Peça retoma e mergulha em montagem de Boal
19.07.2015
via Folha de São Paulo – Nelson de Sá
Com grande engenhosidade na dramaturgia, ‘Os que Ficam’ tenta encenar texto dos anos 1960 do dramaturgo
Ansiava-se há tempos pelo encontro da Cia. do Latão de Sérgio de Carvalho com o Teatro de Arena de Augusto Boal (1931-2009). São os grupos do teatro político mais representativos em seus períodos – a atualidade e os anos 1950/60, respectivamente.
A ponte histórica acabou sendo lançada, um pouco fortuitamente, por uma mostra sobre Boal no Rio e agora pela mostra dos 18 anos da Cia. do Latão em São Paulo.
A “peça-ensaio” resultante, “Os que Ficam”, retrata uma tentativa de encenação em 1973, auge da repressão e da desesperança política, da peça “Revolução na América do Sul”, texto de Boal montado originalmente em 1960, em plena febre revolucionária na região.
O espetáculo tem alguns trechos daquela peça, mas sobretudo pensa sobre ela, conversa com ela e seu tempo. São personagens da época, a começar pela figura do diretor, Fernando, que remete ao ator, encenador e crítico Fernando Peixoto (1937-2012).
O próprio Boal comparece, em primeira pessoa, na forma de cartas enviadas do exílio, algumas de emocionante desencanto. Na curtíssima temporada no Sesc Bom Retiro, os textos são lidos por Lauro César Muniz, dramaturgo que foi lançado então pelo diretor.
BUSCA OBSESSIVA
O efeito imediato que o autor e diretor do Arena tem sobre o trabalho de Carvalho e do Latão – embora o espetáculo tenha nascido fora do grupo, com o elenco carioca – é o de transportá-los de volta aos primeiros espetáculos, como “Ensaio para Danton” (1996) e “Ensaio sobre o Latão” (1997).
Mais que “peças-ensaios”, o que mais as caracteriza e assemelha é serem as três apaixonadas pelos originais que buscam obsessivamente compreender: “Revolução”, “A Morte de Danton” e, na peça que deu nome à companhia, “Hamlet” e “A Compra do Latão”, texto teórico de Brecht.
Em “Os que Ficam”, conta-se uma história de censura e perseguição do teatro, num período que mudou o país e ao qual o título se refere, em parte: são aqueles que ficaram para trás, que não partiram como Boal, que seguem vivendo, e adaptam-se até à televisão.
Mas são também “os que ficam” no Brasil de hoje, sobreviventes e herdeiros, como os três atores do Latão que no início lembram, em depoimentos na primeira pessoa, as suas experiências de crianças da ditadura, ao lado de pais que a combateram ou não.
Podia ser mais uma peça sobre o assunto, entre tantas que há, porém seu mergulho é também formal, não só temático.
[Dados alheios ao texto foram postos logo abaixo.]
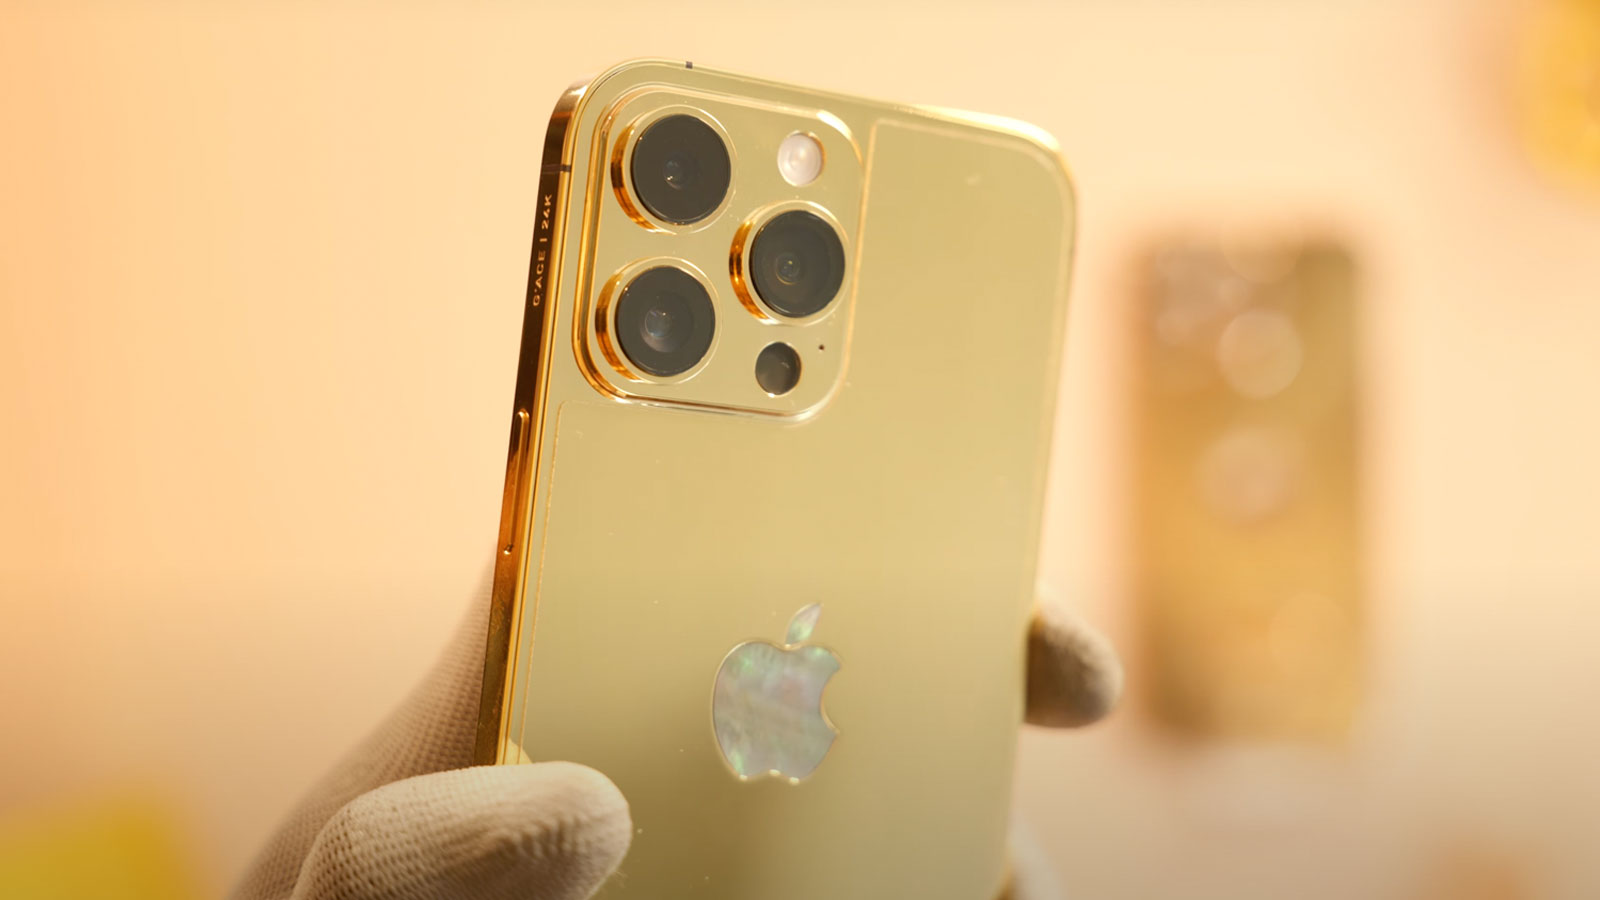 iPhone 14 Pro Max mạ vàng kim cương: Với phiên bản iPhone 14 Pro Max mạ vàng kim cương, người dùng sẽ được trải nghiệm thiết kế cực kỳ độc đáo và sang trọng. Với màu vàng kim cương phủ lên mặt lưng thiết bị, iPhone 14 Pro Max mạ vàng kim cương giúp cho các bạn thể hiện được gu thẩm mỹ cao cùng sự sang trọng và đẳng cấp.

Como na experimentação incessante de Boal, há grande engenhosidade na dramaturgia, da seleção dos trechos de “Revolução” aos depoimentos e cartas.
E há emoção de sobra, até compaixão, como havia em Boal, por todos os caminhos tomados pelo teatro, representados em “Os que Ficam” pela diáspora dos atores que não conseguem realizar a “Revolução”. Mas que tentam seguir em frente, de algum jeito.